Stalin clung to his belief that Germany could not attack Russia before defeating the United Kingdom.
Of course, if his own country really was so well armed, why not let an enemy foolishly underestimate it? Because the so-called Winter War between the Soviet Union and Finland, waged in 1939–40, had exposed Soviet military weaknesses not just to Hitler but also to Stalin. (The Soviets had won a crushing victory in the end, but only after being stymied for months by stout Finnish resistance.) The Red Army was still in the middle of a protracted post-Finland technological upgrade and reorganization. The Soviets possessed only around 1,800 advanced heavy tanks; the rest of their tanks were too light relative to their German counterparts. Similarly, the most advanced Soviet warplanes made up just one-quarter of the air force. Stalin’s war preparations also bore the mark of his executions of thousands of loyal officers, especially top commanders such as Vasily Blyukher, whose eye had been deposited in his hand before he died under torture in 1938, and the gifted Mikhail Tukhachevsky, whose blood had been splattered all over his “confession” to being a German agent—not long before Stalin concluded the German-Soviet Nonaggression Pact.

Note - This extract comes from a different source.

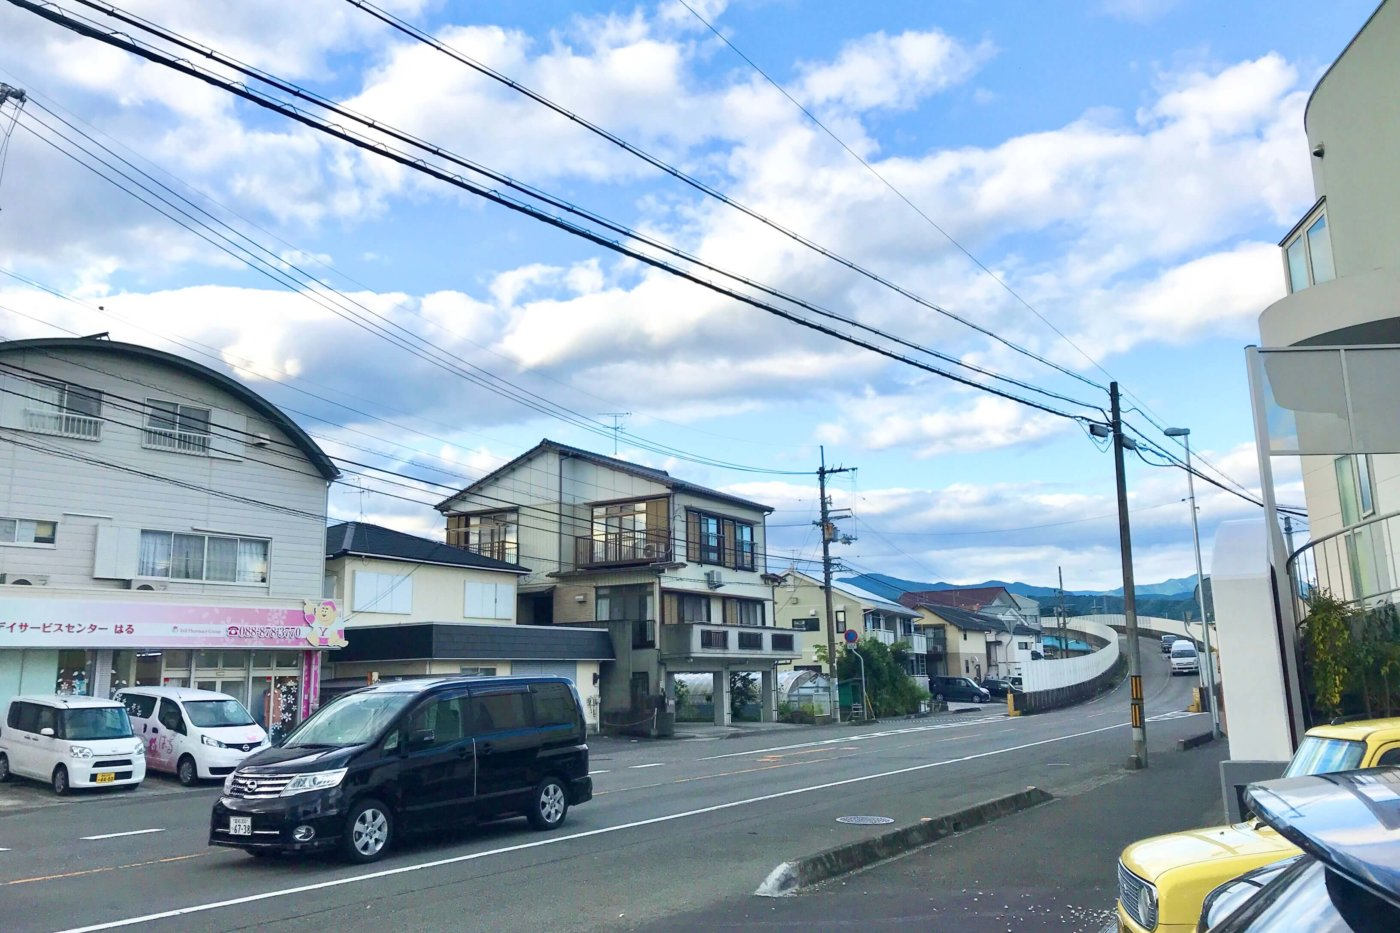 高知市大津のラーメン屋さん 一心 店先の風景

Now, 85 percent of the officer corps was 35 or younger; those older than 45 constituted around one percent. Fully 1,013 Soviet generals were under age 55, and only 63 were older than that. Many had been majors just a short time earlier. Out of 659,000 Soviet officers, only around half had completed military school, while one in four had the bare minimum (a few courses), and one in eight had no military education whatsoever.
TONIGHT'S THE NIGHT
Stalin was keenly aware of these realities, and lately, the despot’s morose side had gotten the upper hand. “Stalin was unnerved and irritated by persistent reports (oral and written) about the deterioration of relations with Germany,” recalled Admiral Nikolai Kuznetsov, the commissar of the Soviet navy, of this period. “He felt that danger was imminent,” recalled Nikita Khrushchev, who was at the time the party boss of Ukraine and had spent much of June in Moscow. “Would our country be able to deal with it? Would our army deal with it?”
June 21 happened to be the summer solstice, the longest day of the year—and it must have seemed interminable. At 5:00 PM, Stalin ordered that party secretaries of all Moscow wards were to stay at their posts. At 6:27 PM, Molotov entered the Little Corner—the first visitor, as usual. At 7:05, in walked Beria, Kuznetsov, Georgy Malenkov (a senior Communist Party secretary responsible for cadres), Grigory Safonov (a young deputy procurator general responsible for military courts), Semyon Timoshenko (a senior military commander), Kliment Voroshilov (a deputy head of the government), and Nikolai Voznesensky (the head of state planning). The discussion apparently revolved around recent developments pointing toward war and Stalin’s dread of provocations that might incite it.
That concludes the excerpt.